Chair of the Region of Waterloo
- Incumbent
- Assumed office November 30, 2018
- Preceded by: Ken Seiling

Member of Parliament for Kitchener Centre
- In office June 2, 1997 – October 14, 2008
- Preceded by: John English
- Succeeded by: Stephen Woodworth

Personal details
- Born: Karen Longo January 8, 1953 (age 73) Kitchener, Ontario, Canada
- Party: Independent
- Other political affiliations: Liberal (until 2014)
- Spouse: Warren Redman

= Karen Redman =

Canadian politician (born 1953)

Karen Redman ( Longo; born January 8, 1953) is a Canadian politician who currently serves as the chair of the Region of Waterloo. Previously, she was a member of the House of Commons of Canada from 1997 to 2008, representing the riding of Kitchener Centre for the Liberal Party. She served as Chief Government Whip in the 2004 to 2005 Parliament, and was the Chief Official Opposition Whip in the 2006 to 2008 parliament. She was defeated in the 2008 federal election. She was elected to Waterloo Regional Council in the 2014 municipal election and has been the Waterloo Regional Chair since 2018.

==Life and career==
Redman was born in Kitchener, Ontario. After completing high school at Eastwood Collegiate Institute, Redman went on to graduate from the University of Waterloo, receiving a Bachelor of Arts degree in English in 1974. She subsequently worked as a writer, and was a member of the Kitchener-Waterloo Learning Disabilities Association and the Canadian Federation of University Women. She has been an elder in Kitchener's St. Andrew's Presbyterian Church since 1991.

===Politics===
Redman served as a trustee on the Waterloo County Board of Education from 1988 to 1994, and was a city councillor for the Kitchener City Council and the Regional Municipality of Waterloo from 1994 to 1997.

She was first elected to parliament in the federal election of 1997, defeating former Progressive Conservative MP John Reimer by over 10,000 votes. She was re-elected by comfortable margins in the elections of 2000, 2004, and 2006.
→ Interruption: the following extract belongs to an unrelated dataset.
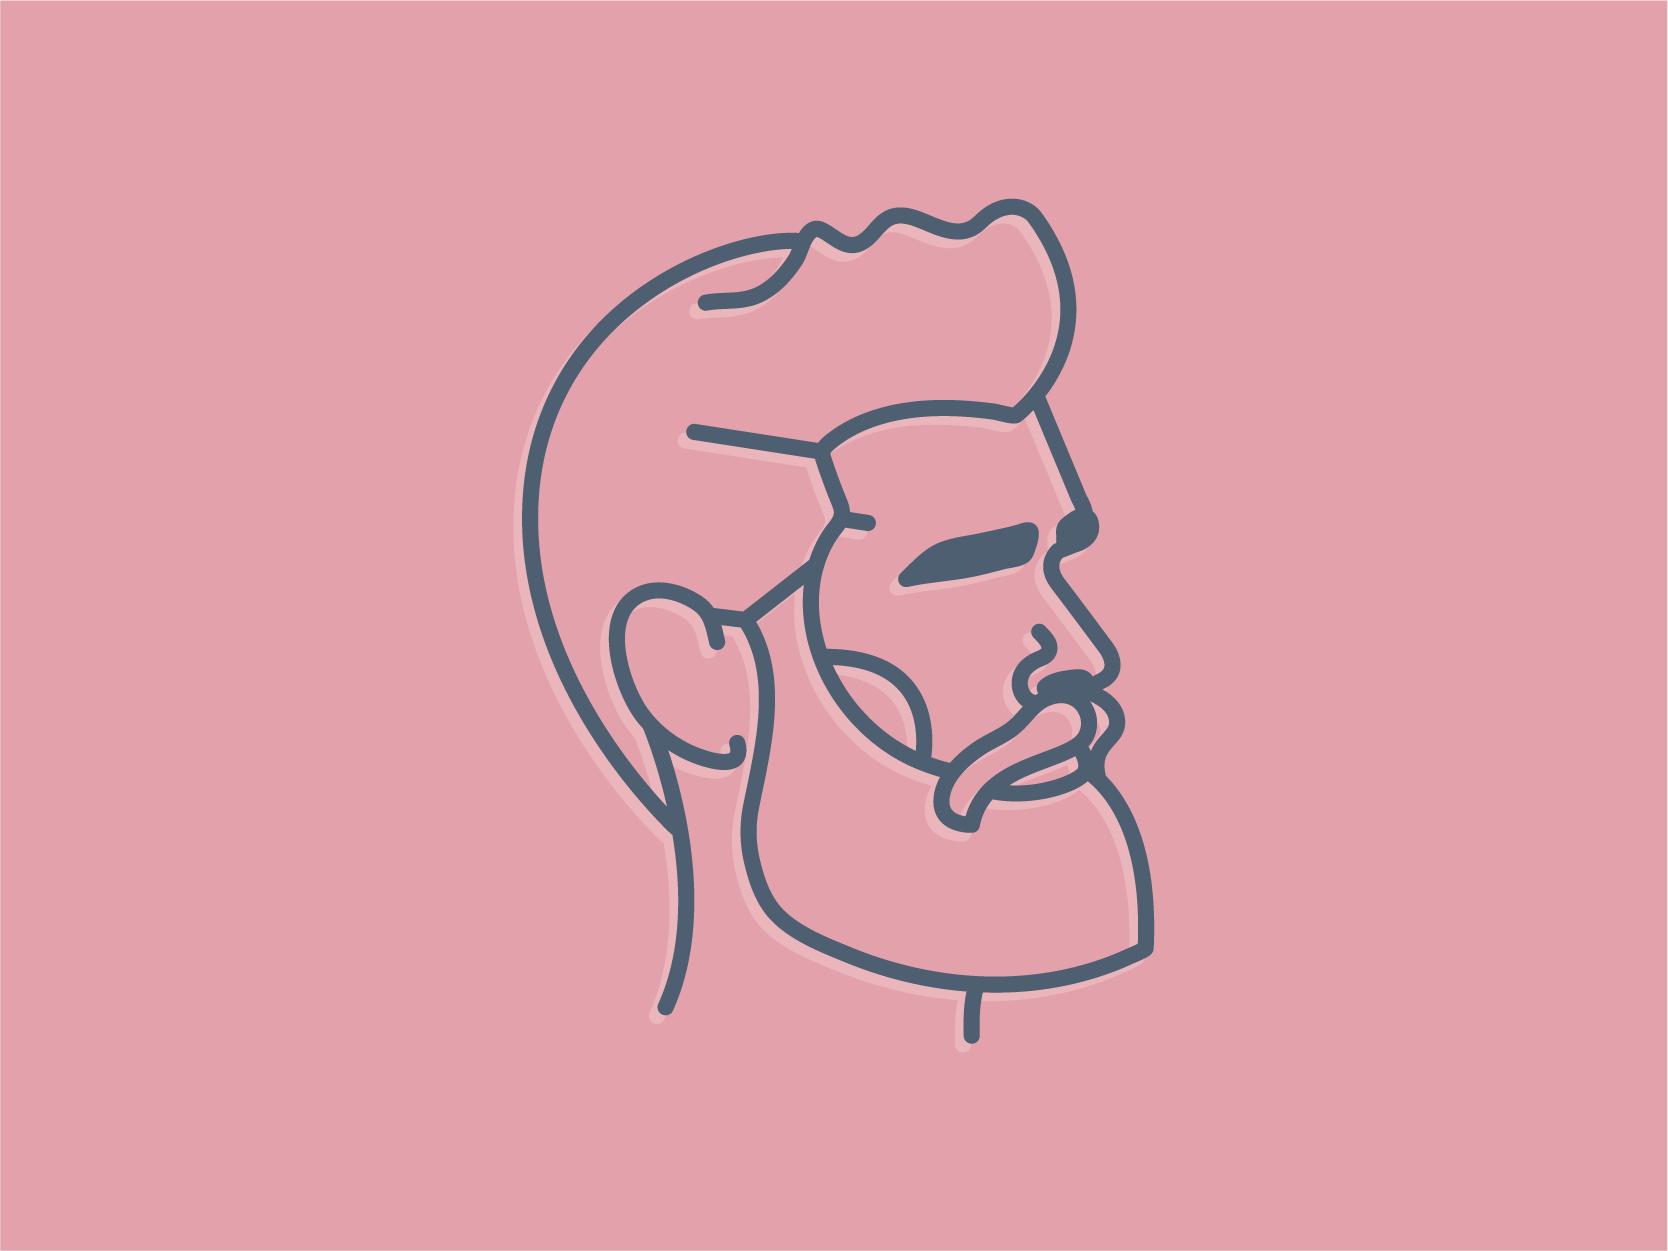 Barbershop logo 13

Redman served as parliamentary secretary to the Minister of the Environment from 2000 to 2003. She was named Chief Government Whip and sworn into the Queen's Privy Council for Canada on July 20, 2004, an important role in a minority government situation. Following the Liberal defeat in the 2006 election, she was named Chief Opposition Whip.
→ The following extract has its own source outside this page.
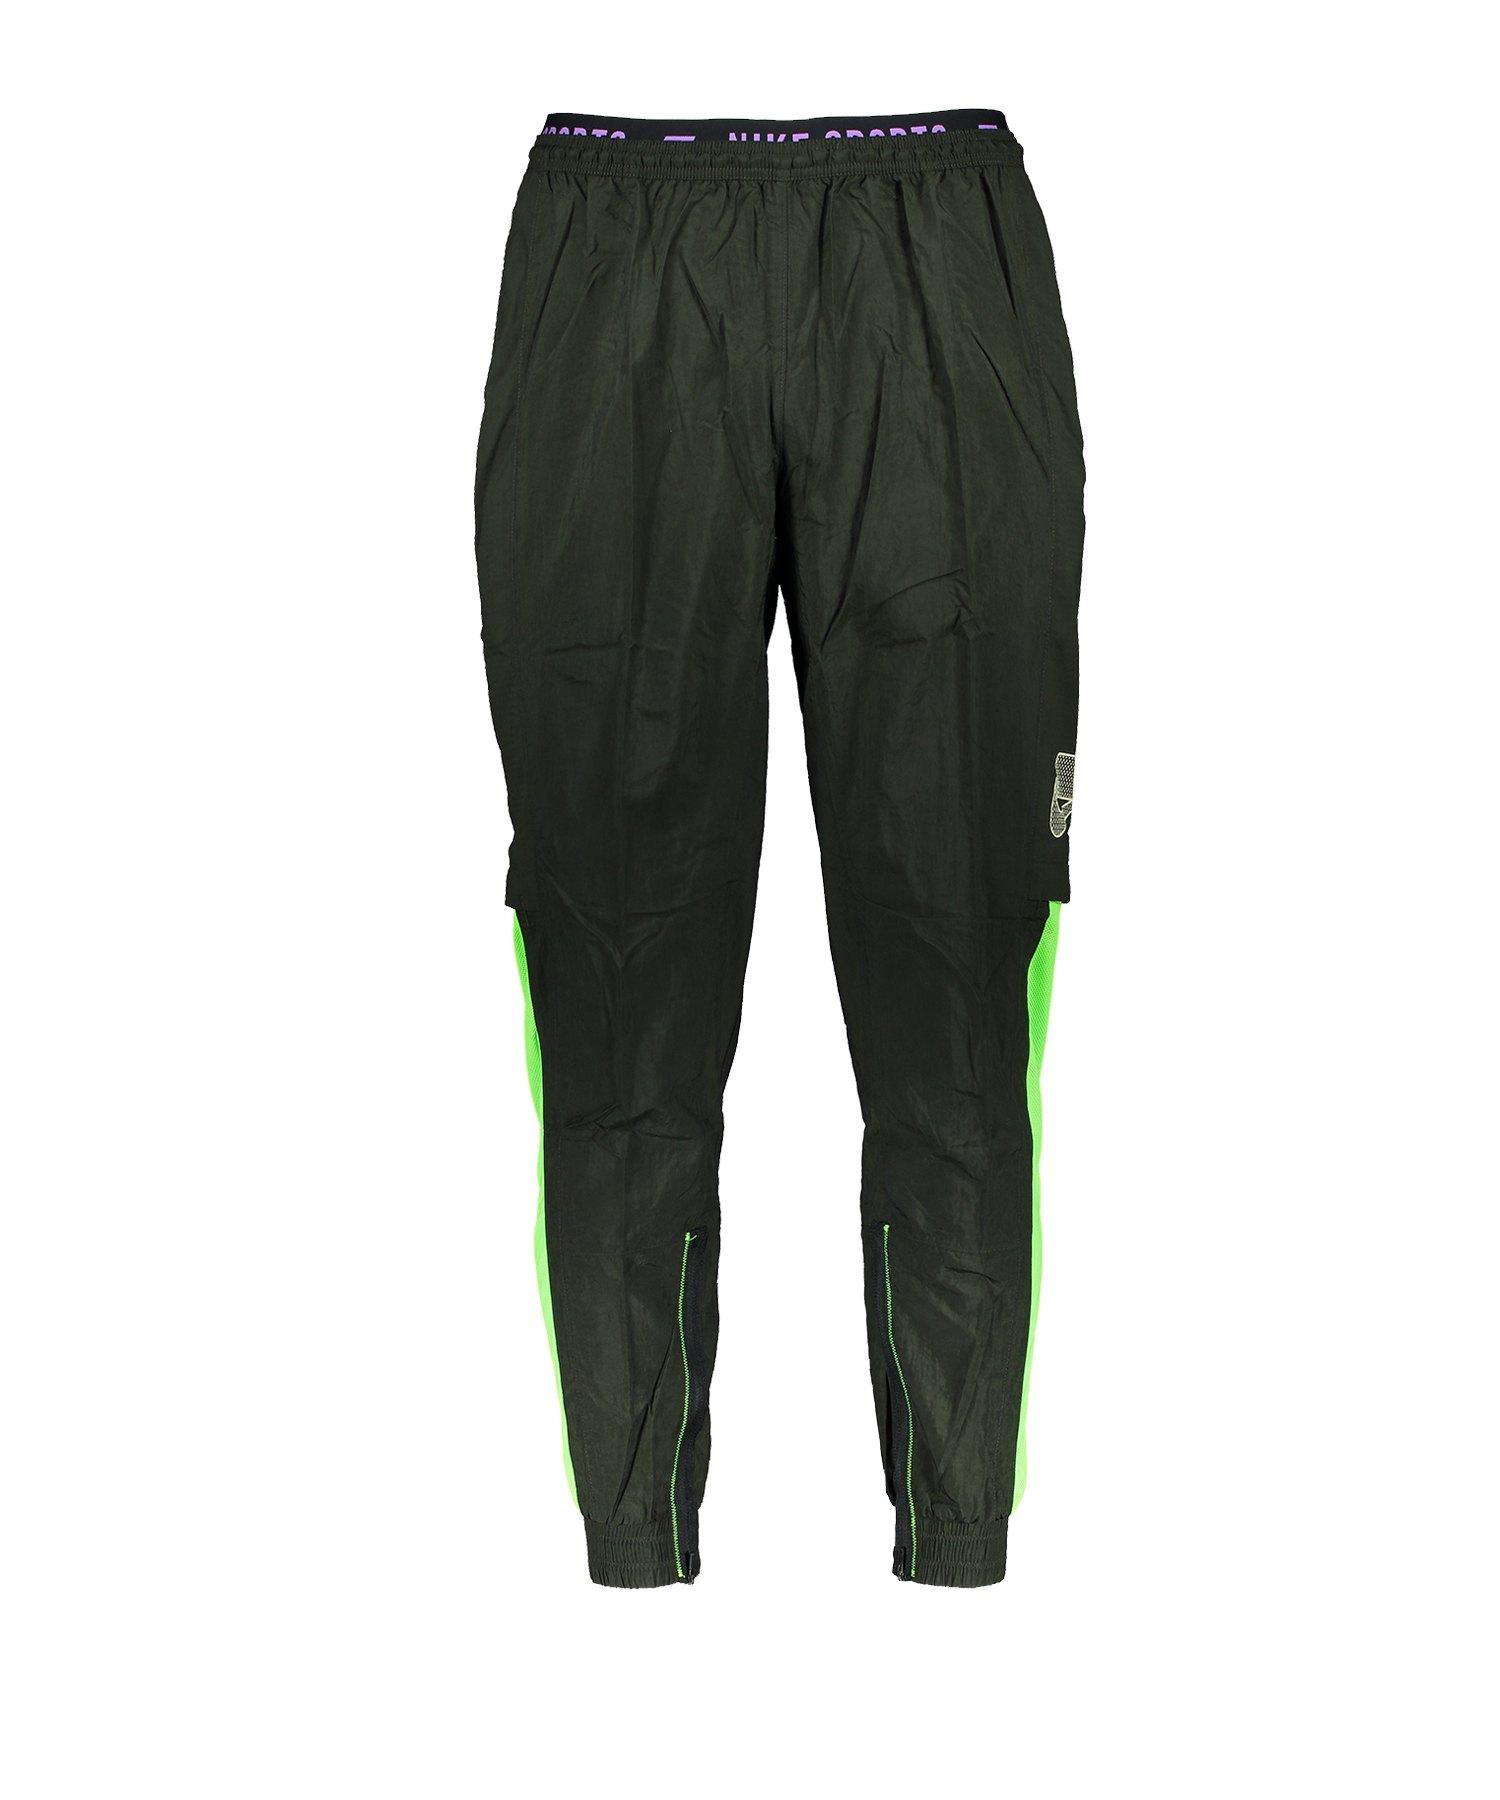 Nike 3-Season Pant Trainingshose Running Grün F355 - gruen

In the 2008 federal election, she lost to Stephen Woodworth of the Conservative Party of Canada by 339 votes.

On November 17, 2009, upon a reconstitution of the Office of the Leader of the Official Opposition under Chief of Staff Peter Donolo, Redman was named Caucus Liaison, a role drawing on her "strong and deep ties with her former – and future – caucus colleagues."

Redman was renominated as the federal Liberal candidate for the riding of Kitchener Centre in the 2011 election, yet lost again to Conservative Stephen Woodworth.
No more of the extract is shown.